Entré en photographie sur le tard, Vincen Beeckman développe une attitude singulière par rapport à cette pratique qu’il considère avant tout comme le lieu d’une rencontre. Cet été, son travail sera à l’honneur dans le cadre de Summer of Photography.

Vincen sans  » t « . Un prénom d’artiste pour se cirer l’ego ? Ce n’est pas vraiment le genre de Beeckman qui, en réalité, a fait sienne une  » erreur de l’administration « . Il est comme ça Vincen, toujours à s’accommoder de ce que la vie lui réserve. La preuve ? Si le destin lui avait promis un avenir de basketteur, c’est photographe qu’il se retrouve à 43 ans. Ses amis l’ont surnommé  » le canard « , un totem qui en dit long sur son imperméabilité à la poisse et aux autres pessimismes. Il ne faudrait pas croire pour autant qu’il vit dans sa bulle. Loin de là. C’est moins une carapace qu’il s’est construit qu’un certain regard, certes détaché, qu’il jette sur le monde. Car cette vision empreinte de relativisme, il l’a forgée en allant au-devant du réel dans toutes ses nuances sociologiques. L’homme n’est pas du genre à rester dans sa tour d’ivoire, à siroter son confort à la paille. Les séries qu’il a signées en témoignent. Celles-ci sont marquées par le programme de BlowUp, un collectif de photographes actif entre 2000 et 2005 qui prônait une pratique artistique résultant de la  » simple confrontation entre un être ordinaire et les personnes, objets et espaces, croisés au fil de ses recherches et de ses expériences intimes « . On ne saurait dire mieux des images glanées, sur un long laps de temps, à La Devinière, un endroit de psychothérapie alternative. Il construit cette thématique  » sur le fil « , à savoir la folie, sans jamais donner dans le spectaculaire.  » J’aime tracer une voie du milieu, explique l’intéressé. Quand je suis confronté à un sujet banal, j’essaie de le rendre exceptionnel. En revanche, face à quelque chose d’extraordinaire, je vais essayer de l’adoucir par une approche empathique et un récit plus large, qui n’est pas centré sur le coup de force visuel.  »

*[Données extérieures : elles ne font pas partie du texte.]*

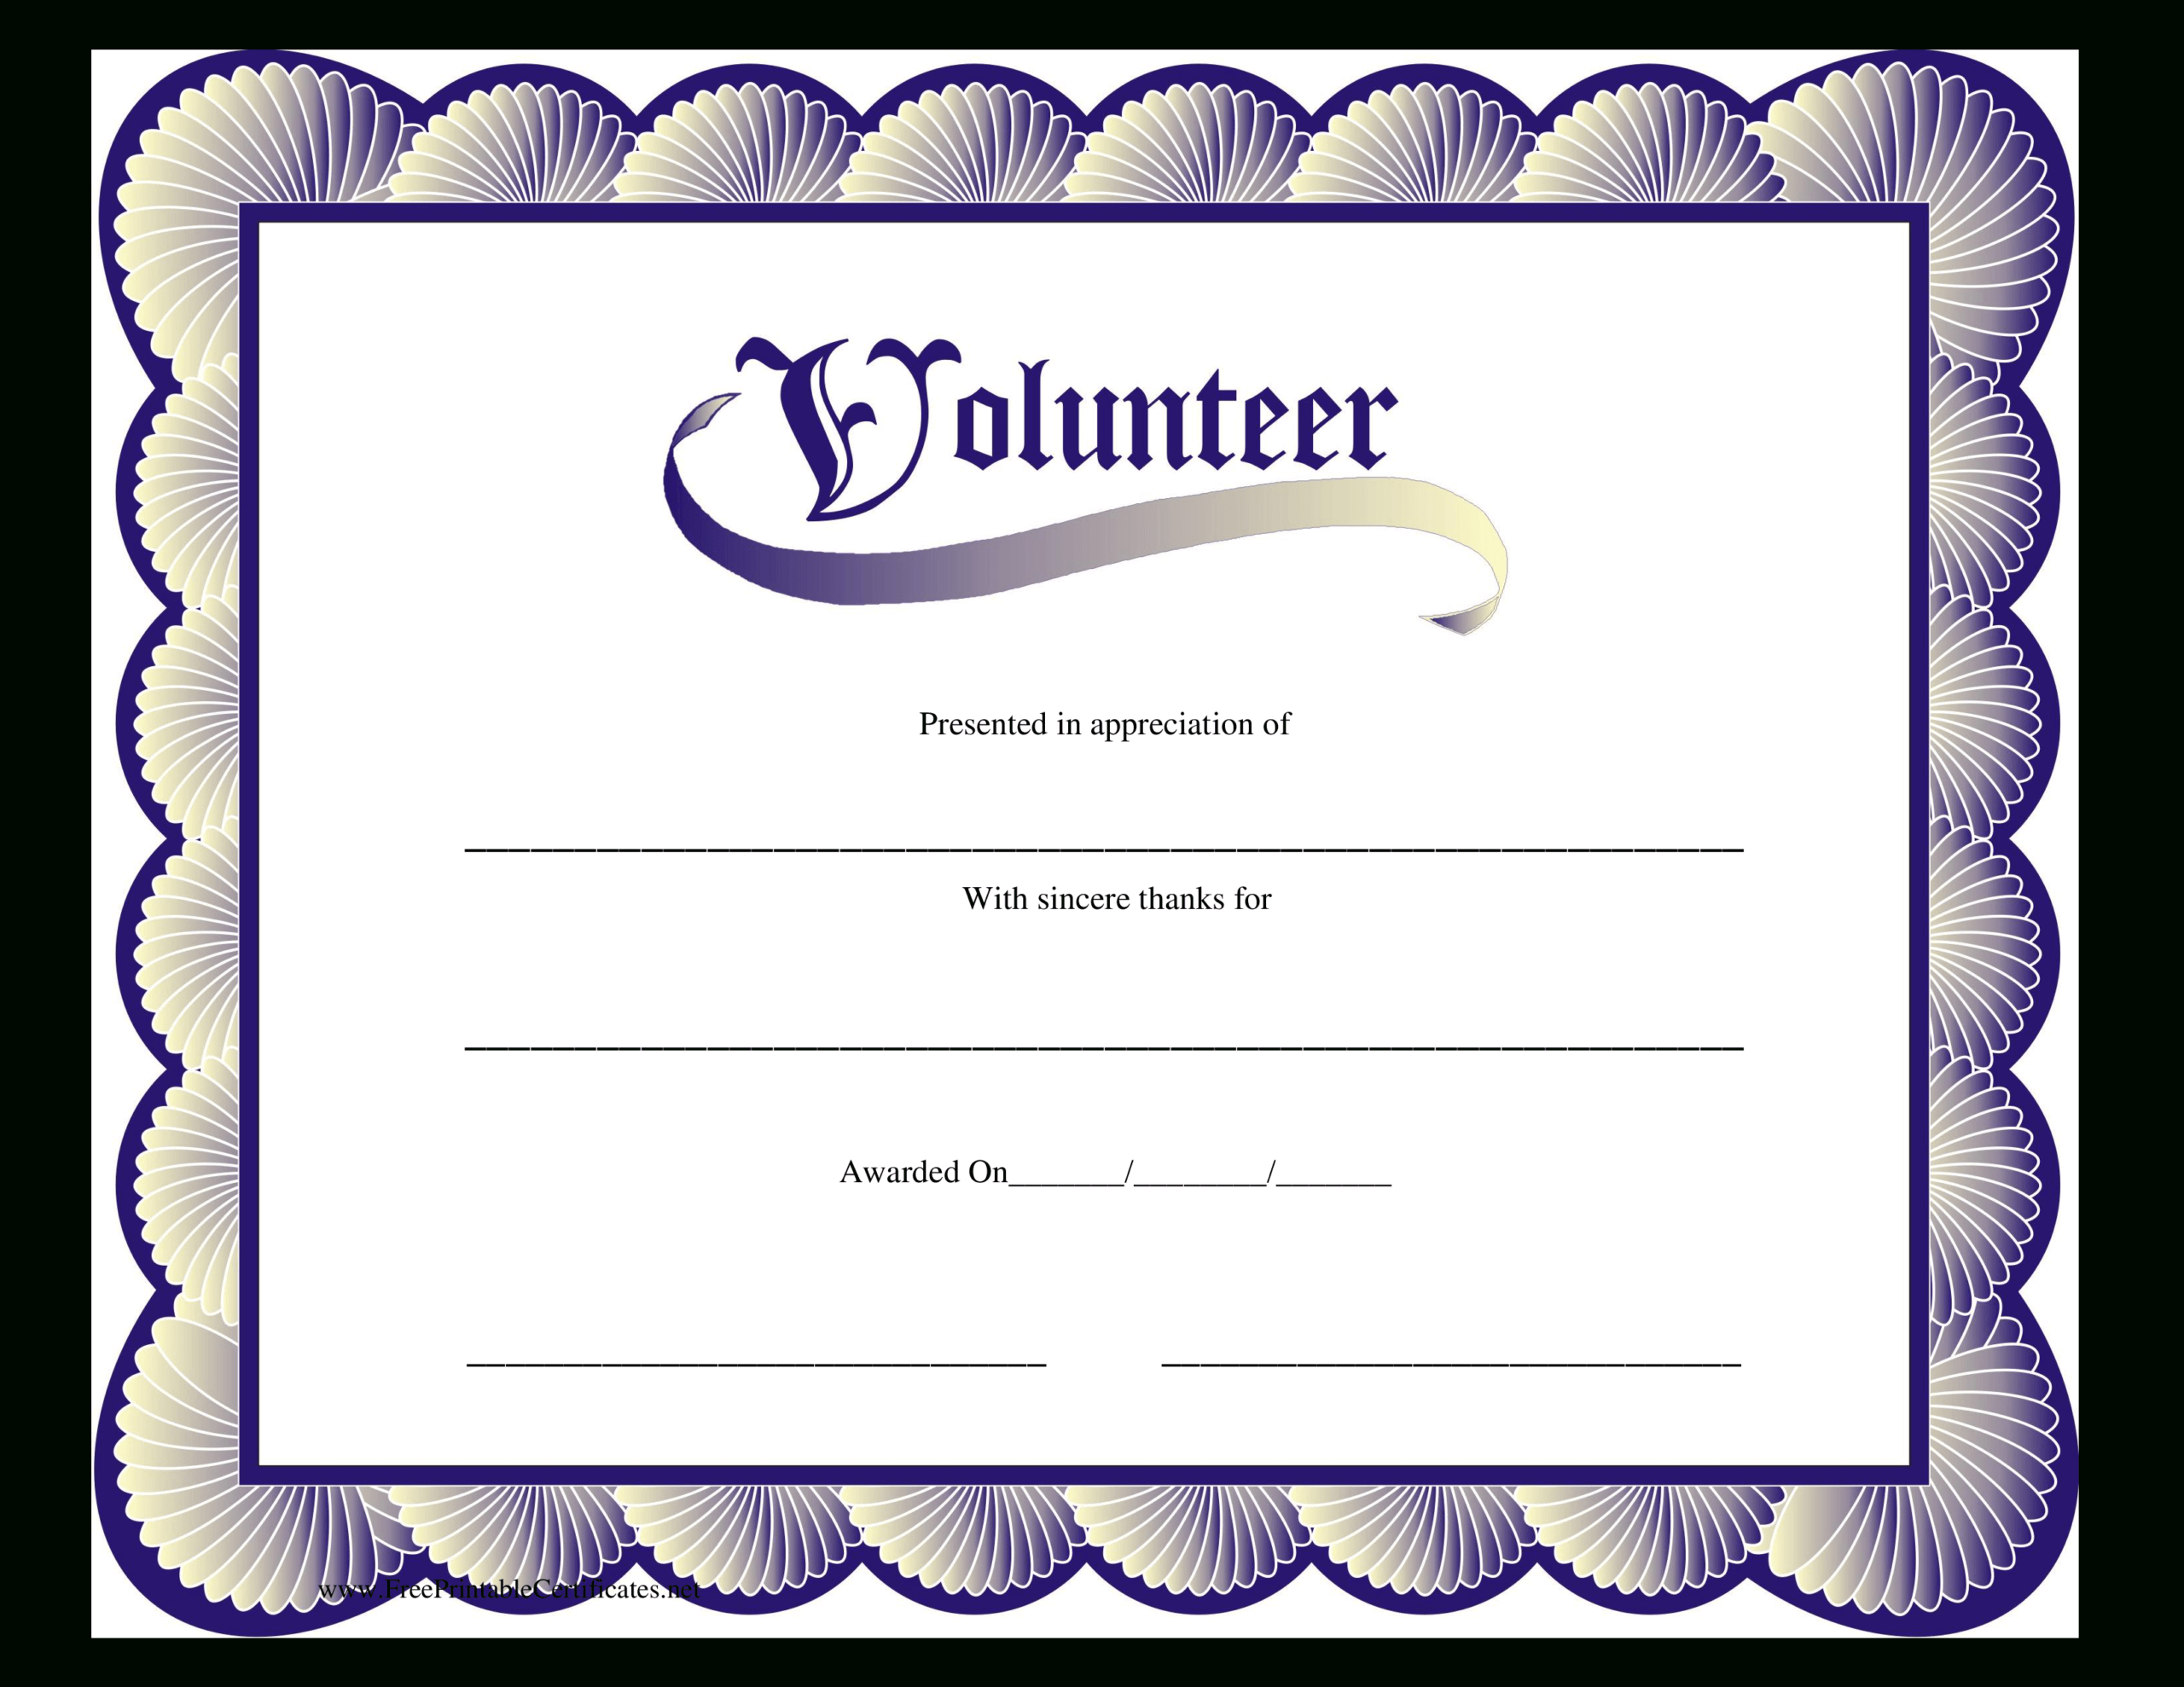 Volunteer Certificate | Templates At Allbusinesstemplates In Volunteer Award Certificate Template

De manière emblématique, Beeckman a également bossé sur un projet autour des sans-abri.  » Cela fait un an que j’ai noué des contacts avec sept ou huit d’entre eux, à la Gare Centrale à Bruxelles. Je leur donne des appareils photo jetables pour qu’ils documentent leur quotidien.  » Le résultat est à découvrir, fin juin, au musée Art & Marges dans le cadre de la biennale Summer of Photography. Il y a également Les Intimes, cette famille du Borinage fragilisée par le chômage qu’il suit pendant plusieurs mois. Le scénario ? C’est Marie et ses enfants qui décident quand Vincen débarque. A chaque fois, il y a un contrat moral avec les photographiés.  » J’ai besoin de me sentir bien par rapport aux images que je prends. Dans 80 % des cas, je les rends aux personnes dont j’ai fait le portrait. J’essaie de garder cet idéal.  »

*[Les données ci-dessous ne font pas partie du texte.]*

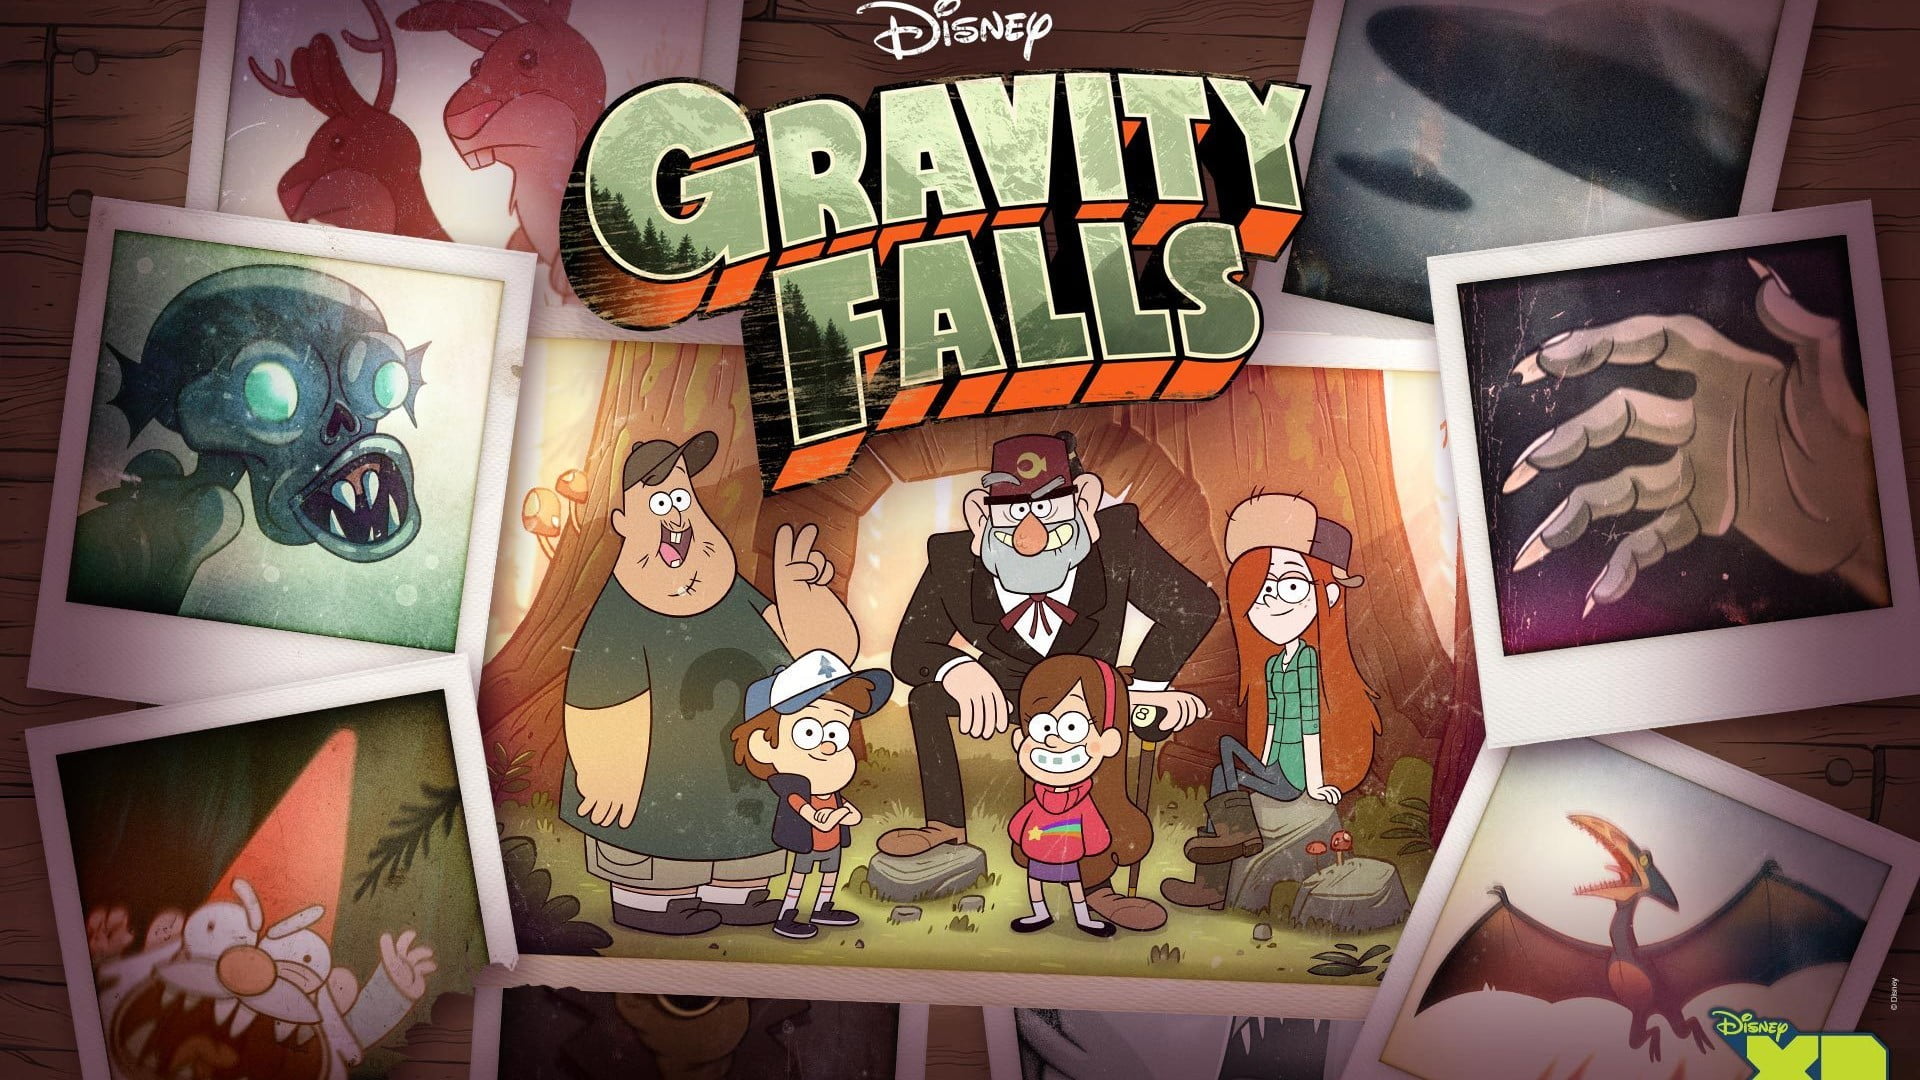 Disney Gravity Falls illustration

Armé d’un simple appareil de poche argentique, un Contax, Beeckman se situe à l’opposé d’un Andres Serrano – le parallèle s’impose, le célèbre Américain exposant jusque fin août prochain des portraits de SDF aux Musées royaux des beaux-arts de Belgique. La distance qui sépare leurs méthodes est énorme.  » J’ai un besoin concret d’apporter quelque chose aux personnes que je photographie et je veux connaître leur histoire… Serrano, lui, possède un réseau de  » fixers  » qui lui indiquent ceux qui sont susceptibles d’offrir la photogénie qui correspondra à sa série. Est-ce pour autant moins intéressant ? Je ne le pense pas. Il faut se méfier des lectures biaisées, Serrano et moi pourrions faire la même image et celle-ci pourrait être interprétée de façon différente « , précise celui qui avoue être mal à l’aise dans un groupe. Beeckman est un photographe du minuscule, du trivial, du proche, qu’il déniche tant dans un centre de délassement de Loverval que dans un club de cyclistes amateurs. Il n’hésite pas non plus à diriger son objectif sur des natures mortes particulières. On pense aux  » vomis  » qu’il traque dans la capitale.  » De petits astéroïdes qui parsèment la ville « , sourit-il. Anecdotique ? En tout cas, cette approche confirme une démarche selon laquelle aucune trace de notre passage sur terre ne mérite que l’on s’en détourne.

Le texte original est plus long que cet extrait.